7 Ottobre 2008, di Redazione Wall Street Italia

Non e’ durato a lungo il rimbalzo dei listini americani all’indomani delle massicce vendite che hanno messo in ginocchio le borse mondiali. A meta’ giornata i listini Usa trattano nuovamente in territorio negativo, dopo essere risultati particolarmente volatili fin dai primissimi minuti (controlla la performance in tempo reale).

All’annuncio iniziale della Fed sull’aumento di liquidita’ tramite TAF (che aveva deluso gli operatori), ha fatto seguito quello della creazione di un “Commercial Paper Funding Facility”, uno strumento speciale con il quale la Banca Centrale acquistera’ i commercial paper non garantiti con scadenza tre mesi. Lo SPV (Special Purpose Vehicle) sara’ attivo fino al prossimo 30 aprile.

Data l’estrema tensione sui mercati globali pero’, gli investitori speravano in un piano concordato delle Banche Centrali per un taglio dei tassi. Alcuni trader avevano scommesso che, dopo il crollo dei mercati di ieri, ci sarebbe stata una risposta concertata ai timori degli investitori.
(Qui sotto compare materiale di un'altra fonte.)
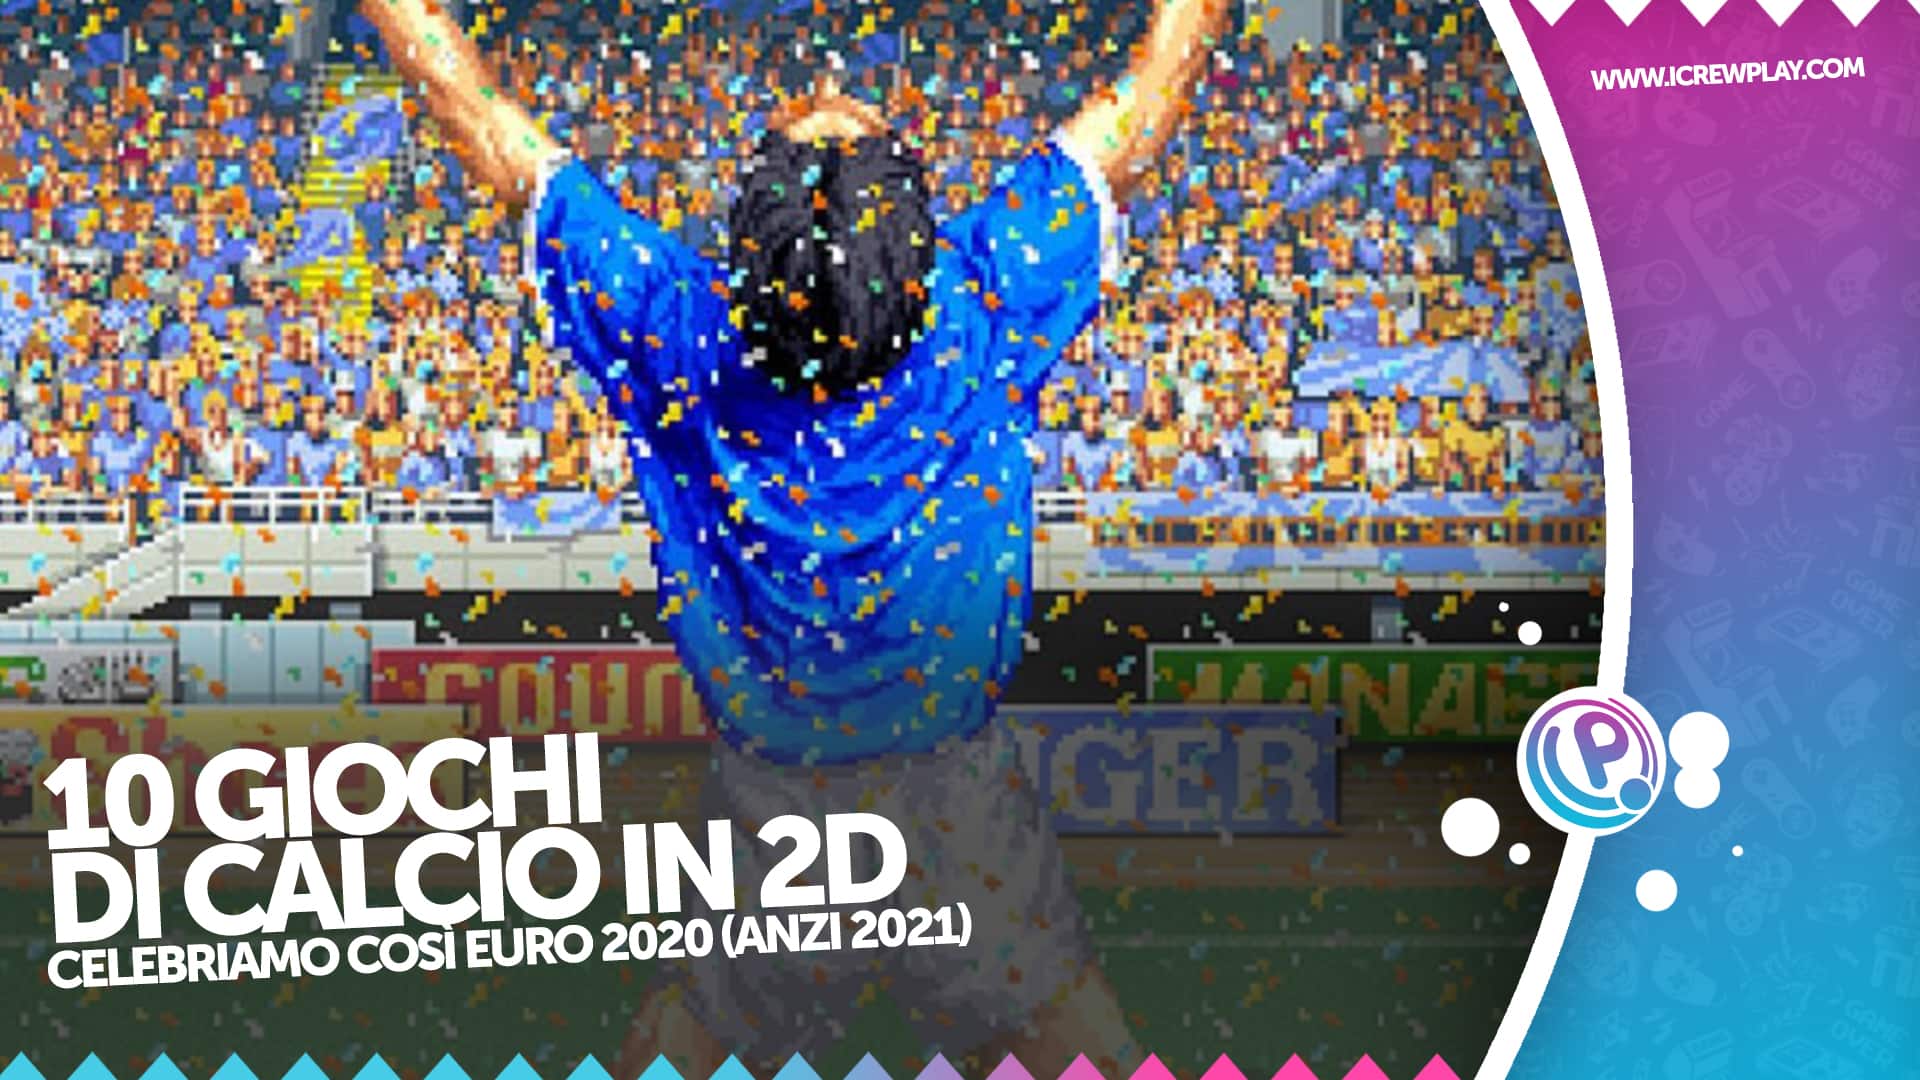 Top 10 giochi di calcio in 2D, per celebrare Euro 2020 12
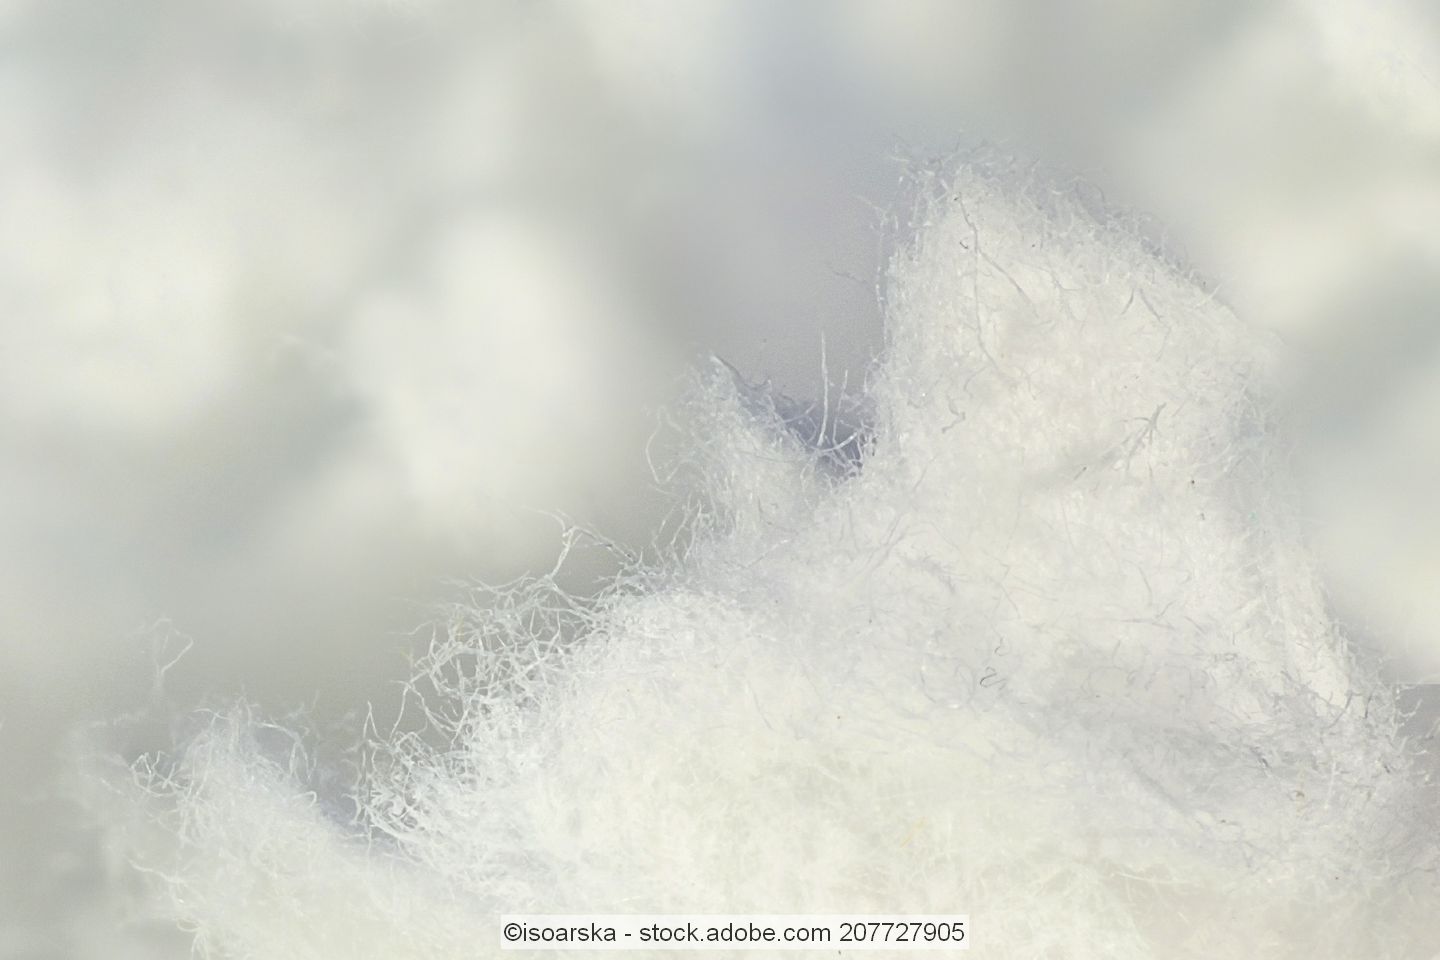 Cellulose fibres

Il piano di salvataggio da $700 miliardi, se avra’ alcuni effetti, richiedera’ ancora del tempo per produrne. Gli operatori ritengono pertanto che sia necessaria una manovra coordinata delle Banche Centrali per limitare i danni della crisi.

Nella giornata di ieri si e’ assistito ad un forte taglio (-1%) dei tassi d’interesse in Australia, la Bank of England dovrebbe ridurre il costo del denaro il prossimo giovedi’. Il meeting della Fed e’ previsto per la fine del mese e gli operatori hanno iniziato a scontare un abbassamento dei fed funds di 50 punti base. Piu’ tardi in giornata interverra’ il presidente Bernanke, mentre nella prima serata saranno diffuse le minute sull’ultimo incontro della Banca Centrale in cui fu deciso di lascire invariati i fed funds al 2.00%.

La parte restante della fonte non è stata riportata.